Exercise
This exercise calls for the data below to be retyped exactly, minus any images.

Collected data
%%
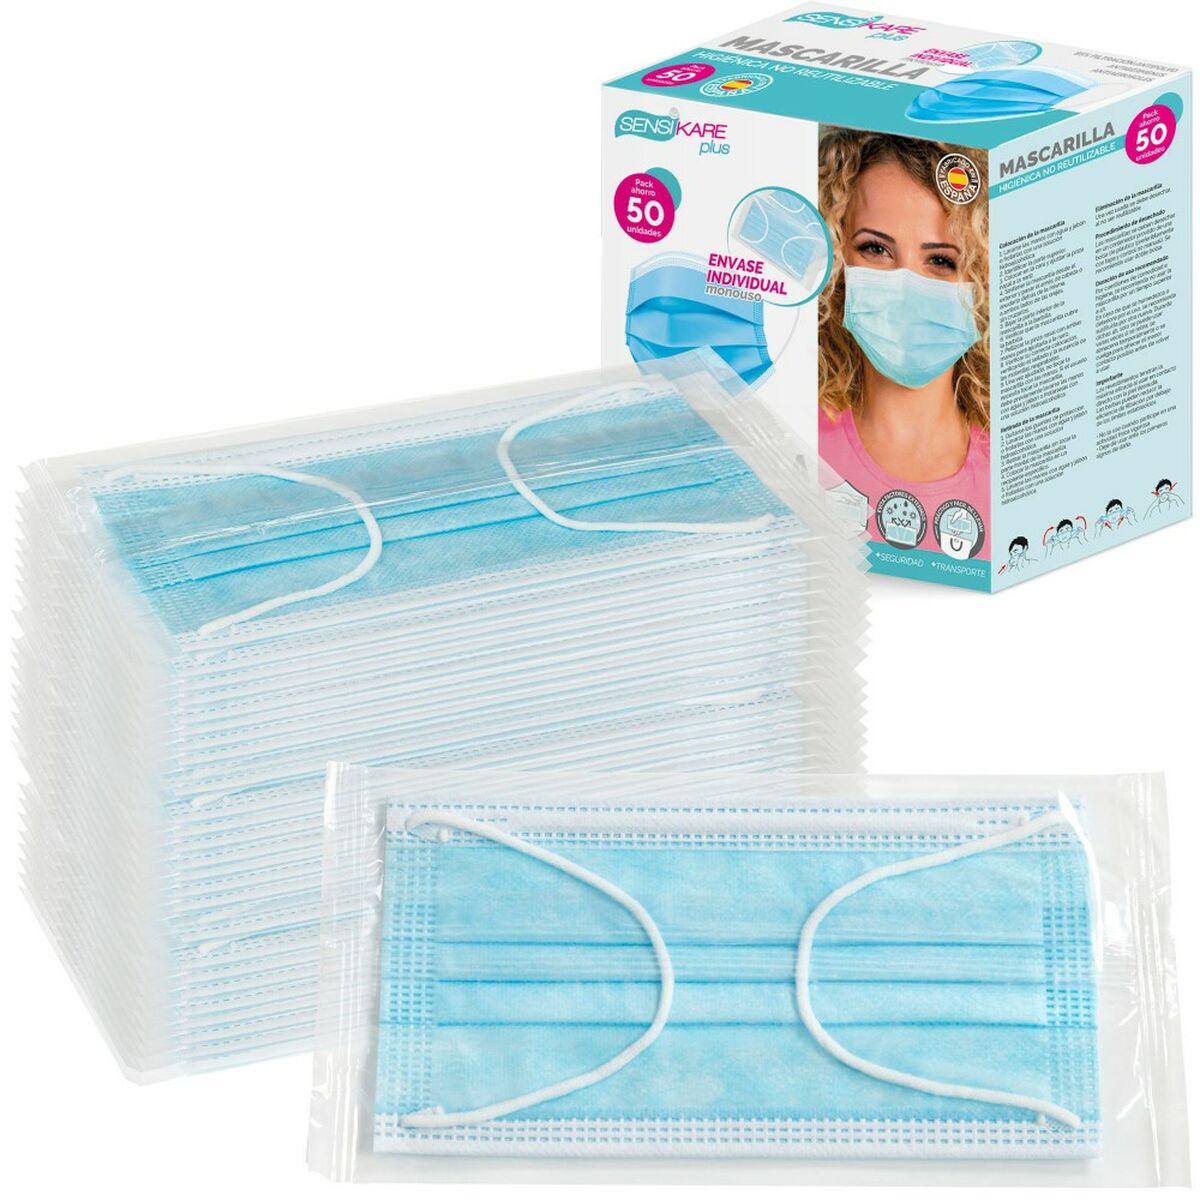 Kaufe Schachtel mit Hygienemasken SensiKare 50 Stücke (12 Stück) bei AWK Flagship um € 130.00
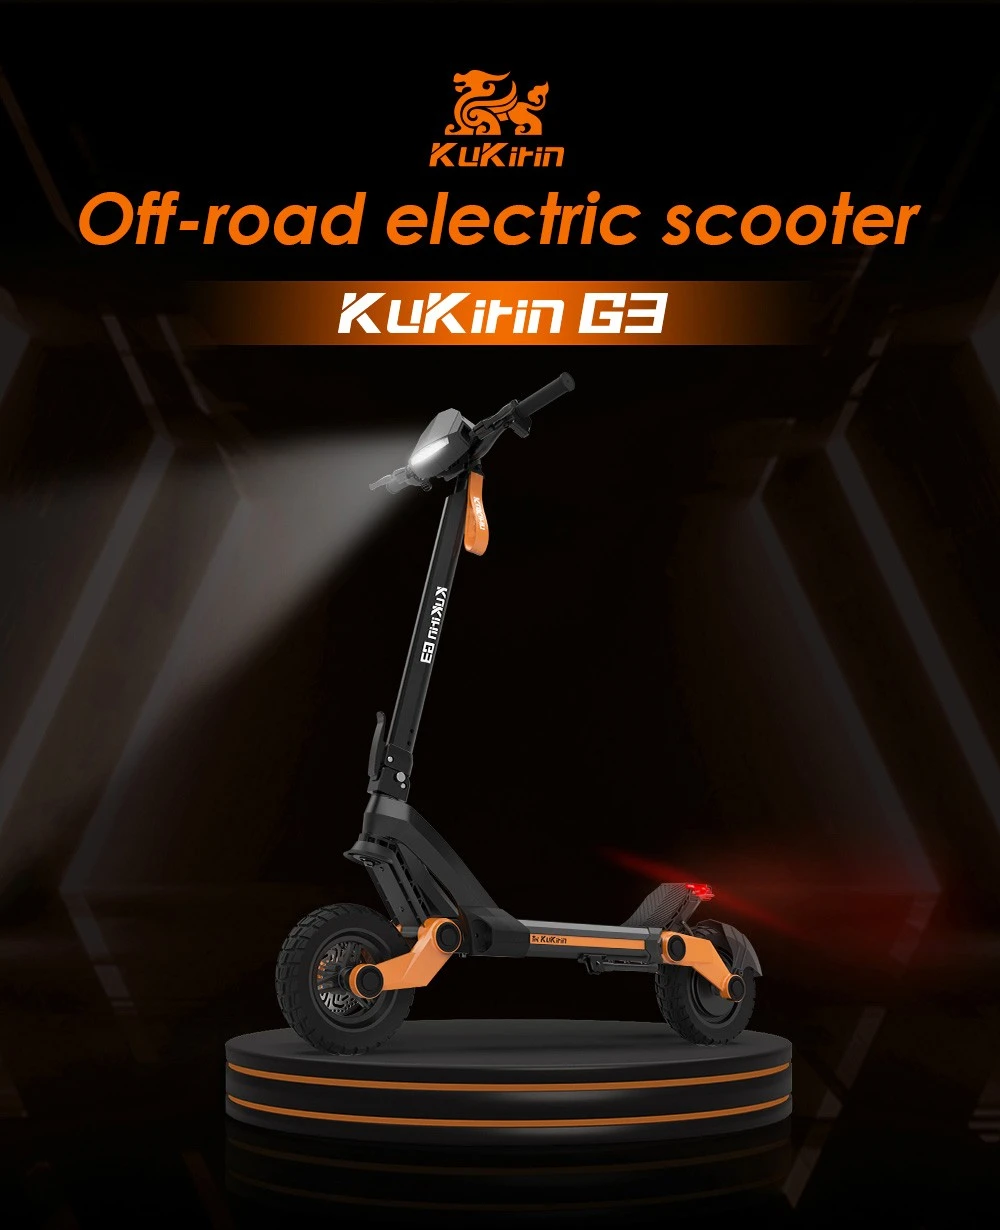 Kukirin G3 Scooter électrique 1200W moteur arrière 50 km/h vitesse maximale 52V 18Ah batterie au Lithium 70km d'autonomie frein à disque 120kg charge
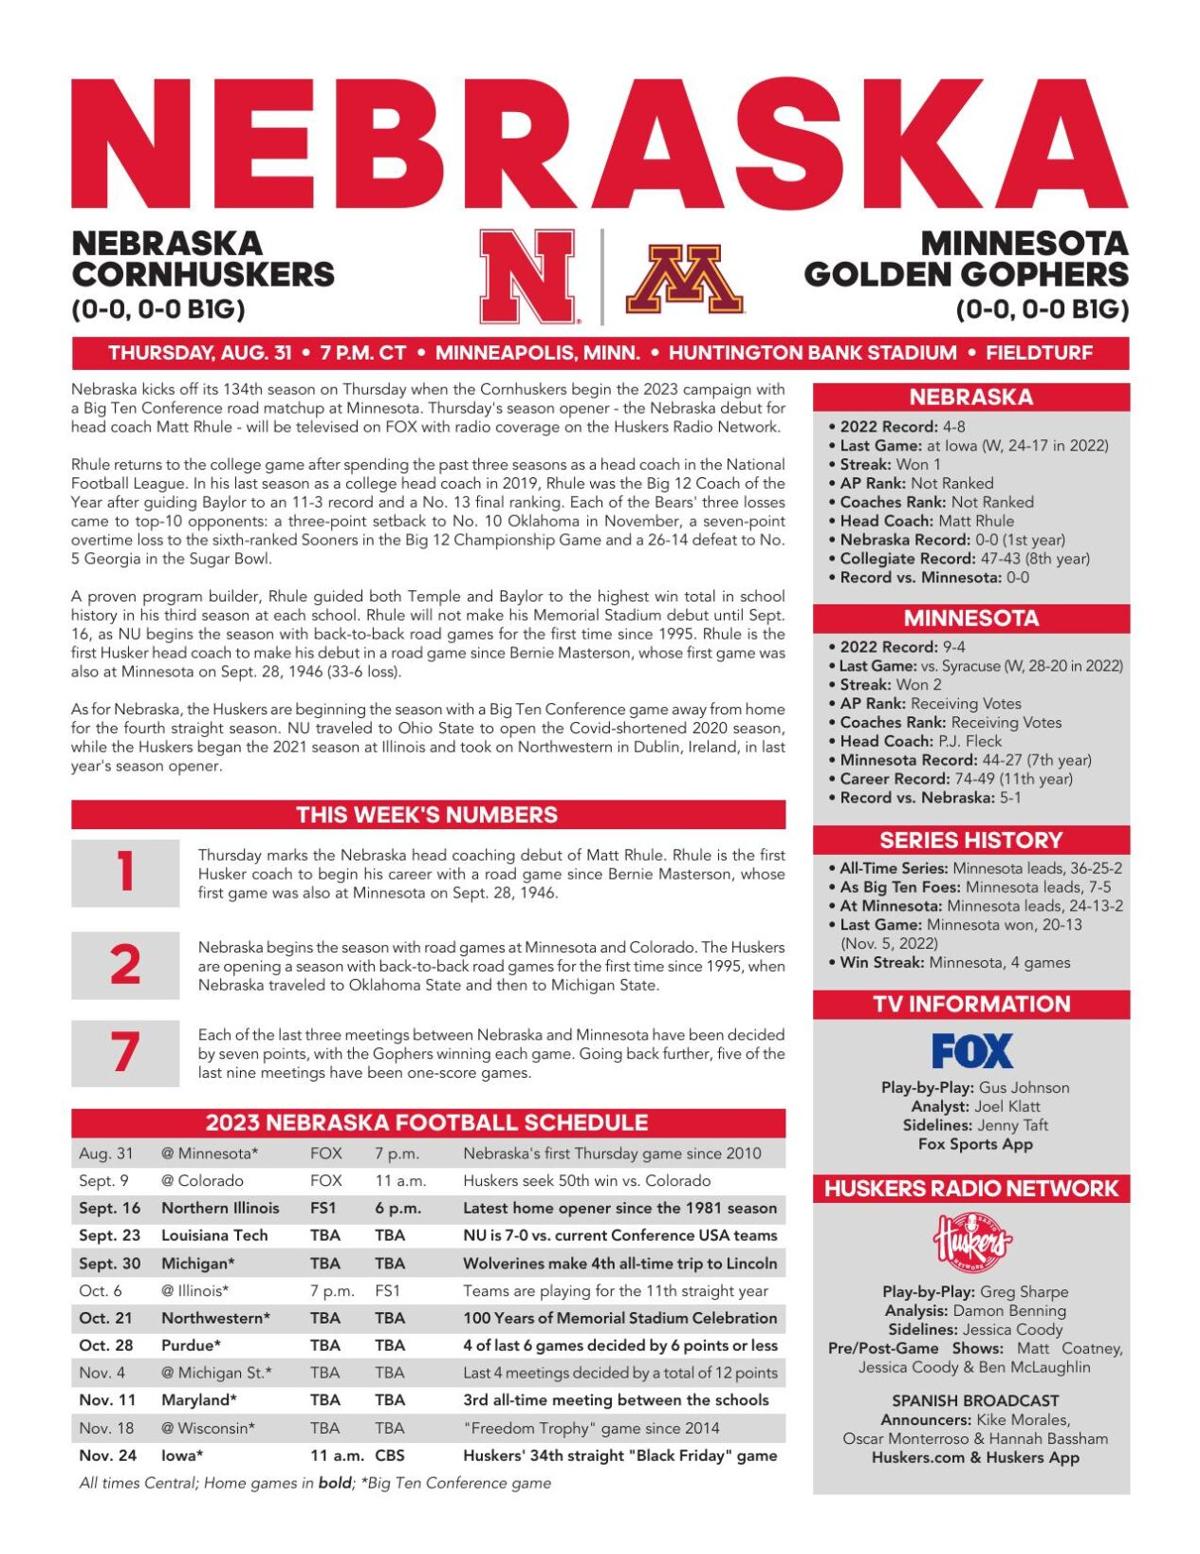 Click here for Nebraska's depth chart against Minnesota
%%
Response for this exercise
 Kaufe Schachtel mit Hygienemasken SensiKare 50 Stücke (12 Stück) bei AWK Flagship um € 130.00
 Kukirin G3 Scooter électrique 1200W moteur arrière 50 km/h vitesse maximale 52V 18Ah batterie au Lithium 70km d'autonomie frein à disque 120kg charge
 Click here for Nebraska's depth chart against Minnesota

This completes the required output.